As for attacking regime targets, it is hard to imagine that after siding with the mullahs against democracy protesters in the aftermath of the stolen 2009 presidential elections, Obama would decide to call suddenly for the regime to be replaced - let alone take military action to advance that goal.

THEN THERE is the nuclear issue. Since Russia's and China's support for Iran at the Security Council rules out any option of a Security Council-sanctioned attack in Iran's nuclear installations, it is fairly obvious that the administration will take no military action whatsoever against Iran's nuclear program. This is, after all, the administration that believes the US must receive UN approval for any military operation.

Obama's effectively pro-ayatollah policies have caused him to treat the prospect of a nuclear-armed Iran as essentially identical to the threat posed to the US by the Soviet Union during the Cold War. As nuclear proliferation scholar Avner Cohen explained in an interview with The Jerusalem Post earlier this month, the administration is committed to a policy of containing a nuclear-armed Iran rather than preventing Iran from acquiring nuclear weapons.
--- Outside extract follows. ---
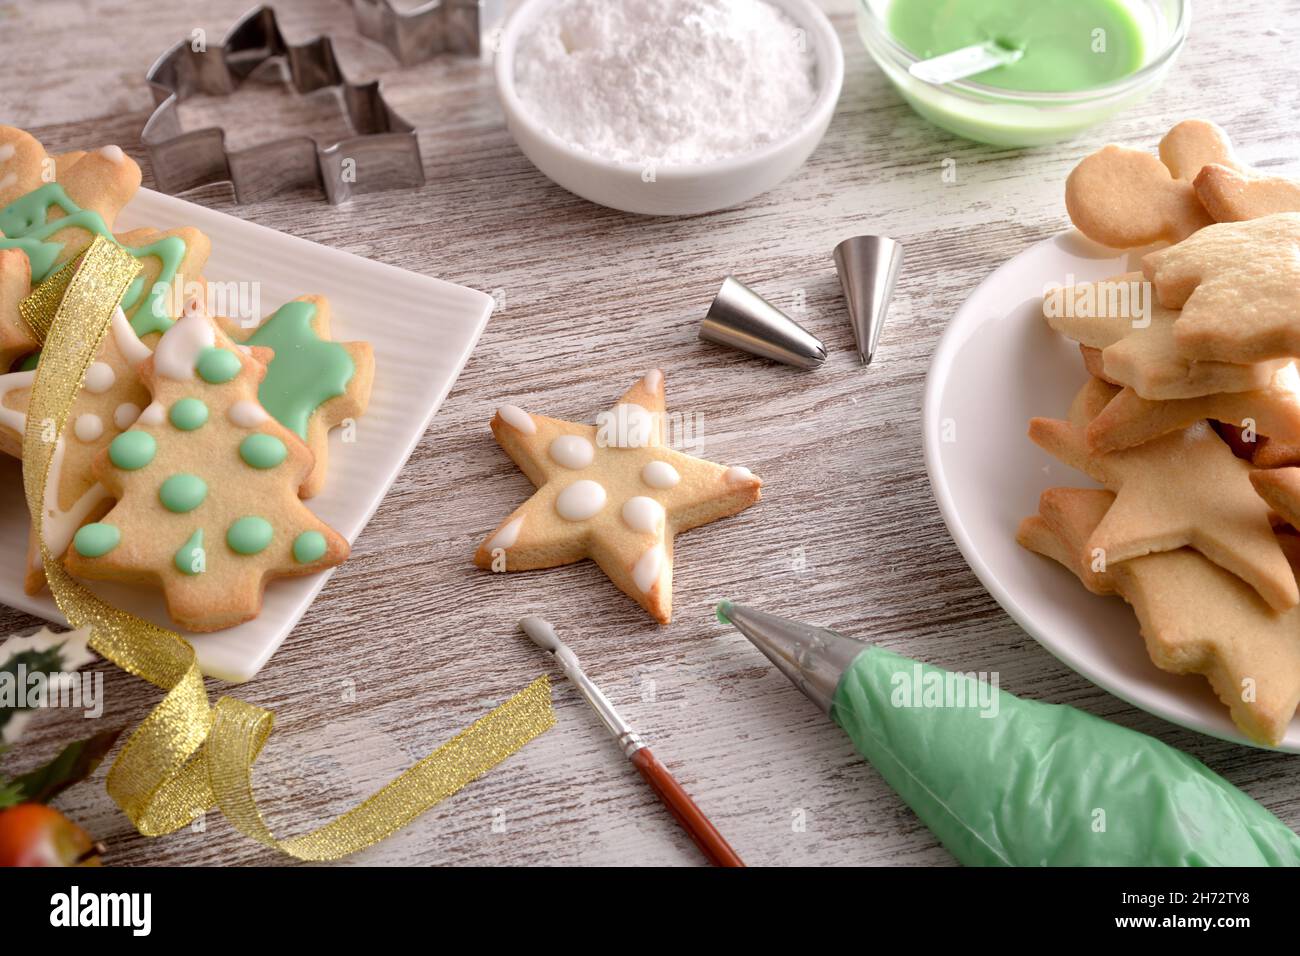 Tools for painting Christmas cookies with icing close up. Elevated view. Horizontal composition. Stock Photo

Cohen explained, "The US wants itself, and also Israel, to be engaged in a thorough effort to contain Iran - like the way the Soviet Union was contained during the Cold War - meaning that for all practical purposes and short of extreme circumstances, both the US and Israel would have to put aside the military option and instead work to contain Iran."

According to Olli Heinonen, the former deputy director of the UN's International Atomic Energy Agency, the US will have an opportunity to put its nuclear containment policy toward Iran into action in the near future. In an interview two weeks ago with Der Spiegel, Heinonen asserted that within two years, the Iranians will have sufficient quantities of plutonium to produce atomic bombs. Within a year, they will have enough highly enriched uranium to have what is referred to as "break-out capacity," meaning they can produce nuclear bombs at will.

The problem with Obama's non-response to Iran's nuclear weapons program and its terror plot to attack Washington is that the Iranian regime is nothing like the Soviet Union. The regime whose first foray into international diplomacy involved taking a knife to the nation-state system by attacking the US embassy and holding its personnel hostage is not a strategic equivalent of the Soviet Union. A regime that sent 100,000 of its children to their deaths during the Iran-Iraq War by dispatching them to the battlefields as human mine sweepers is not a regime that can be contained through mutual assured destruction as the Soviets were.

Iran's war against the US is a war that only Iran is fighting. And if something doesn't change very quickly, it is clear that since Iran is the only side fighting the war, Iran is the only side that will win the war.